Today, the team is transitioning CRMs. Their previous Airtable connection is paused during the move, but the requirement for the next system is clear: bi‑directional sync with Specter lists and searches so every outreach, star, and note has a home. Light Zapier automations are already in play for quick pushes and reminders. For diligence and memo drafting, the team, like most of the market, leans on OpenAI/Claude to accelerate write‑ups once they’ve met a founder. LinkedIn and Tracxn still appear, but as supporting context rather than the starting point.
Where the stack is headed is more ambitious: an agentic CRM that nudges reconnections across the network, auto‑logging of meetings and emails into the right record, and lead scoring that blends Specter’s Talent/Strategic signals with the team’s own thesis markers. On the build side, they’re exploring Specter’s API to power internal tools, everything from list hygiene to custom alerts, so the sourcing loop keeps getting tighter.
Closing the loop
BEENEXT’s edge has always been proximity to builders and the ability to feel change early. Specter gives that instinct a system: encode a thesis, watch the right signals, and turn pre‑stealth moments into first conversations week in, week out. The result is a calmer, more confident sourcing motion that fits a lean team and a faster market.
Specter lets us show up pre‑announcement, not post‑hype.

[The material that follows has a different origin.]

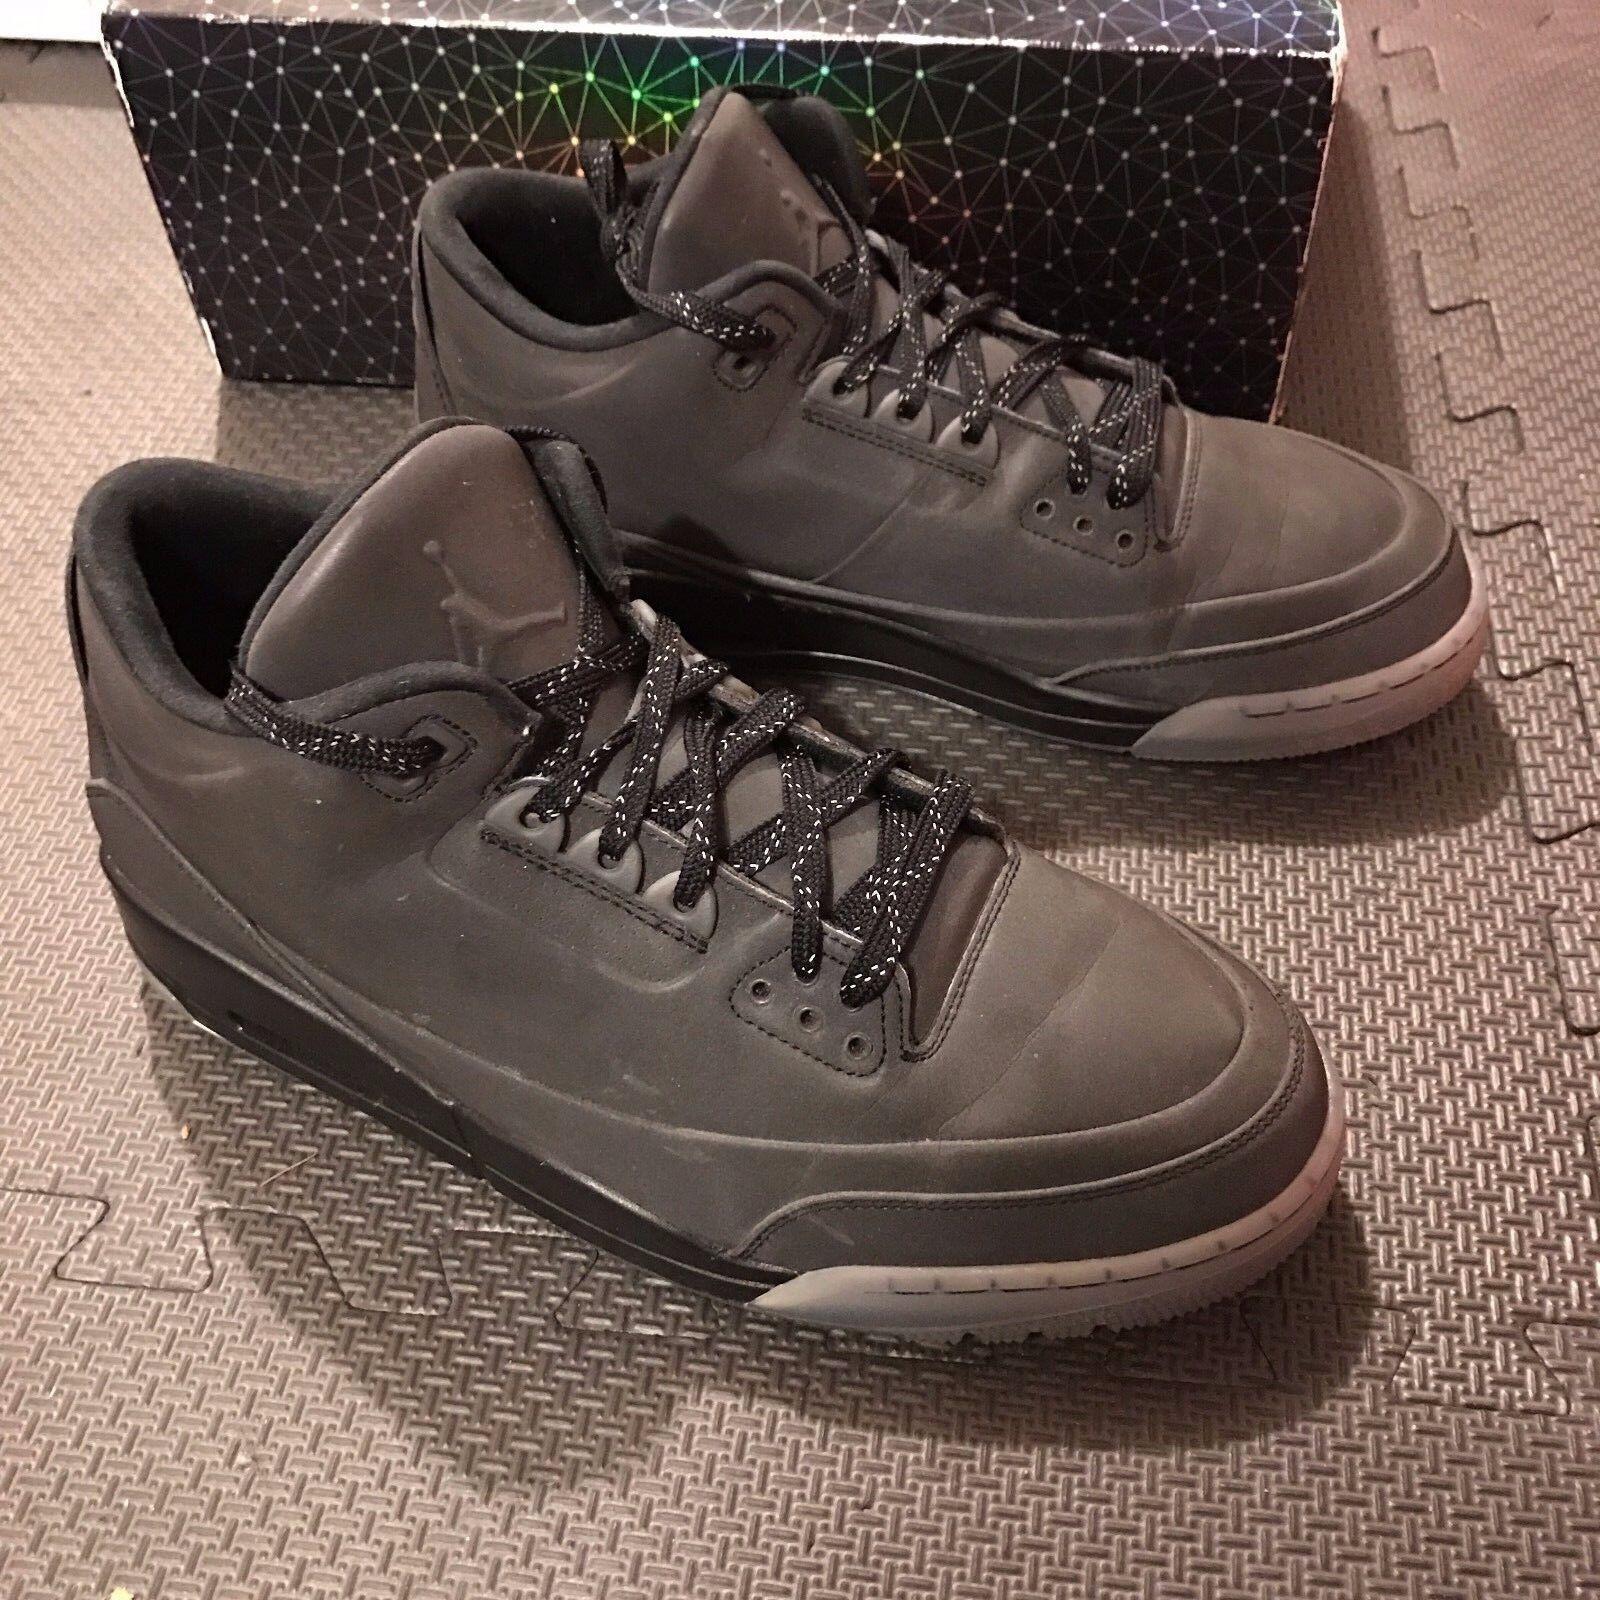 Nike Air Jordan 5lab3 631603 010 US Hombre SZ descuento 10,5 NEGRO 3M gran descuento SZ c20eaf

As a thought experiment, Aarushi imagines an offline week in Bangalore’s HSR cafés, meeting people where the first lines of code are written. It’s a fitting metaphor for how the team operates even when the internet isn’t down: stay close to the community, and be there before the story is public. Specter is the digital expression of that habit, widening the aperture to new operators and angels without drowning the team in noise.
Put simply: BEENEXT now runs on signal, not serendipity. And while the stack around Specter will keep evolving, the core loop is already in place: find earlier, prioritise better, and build relationships that compound.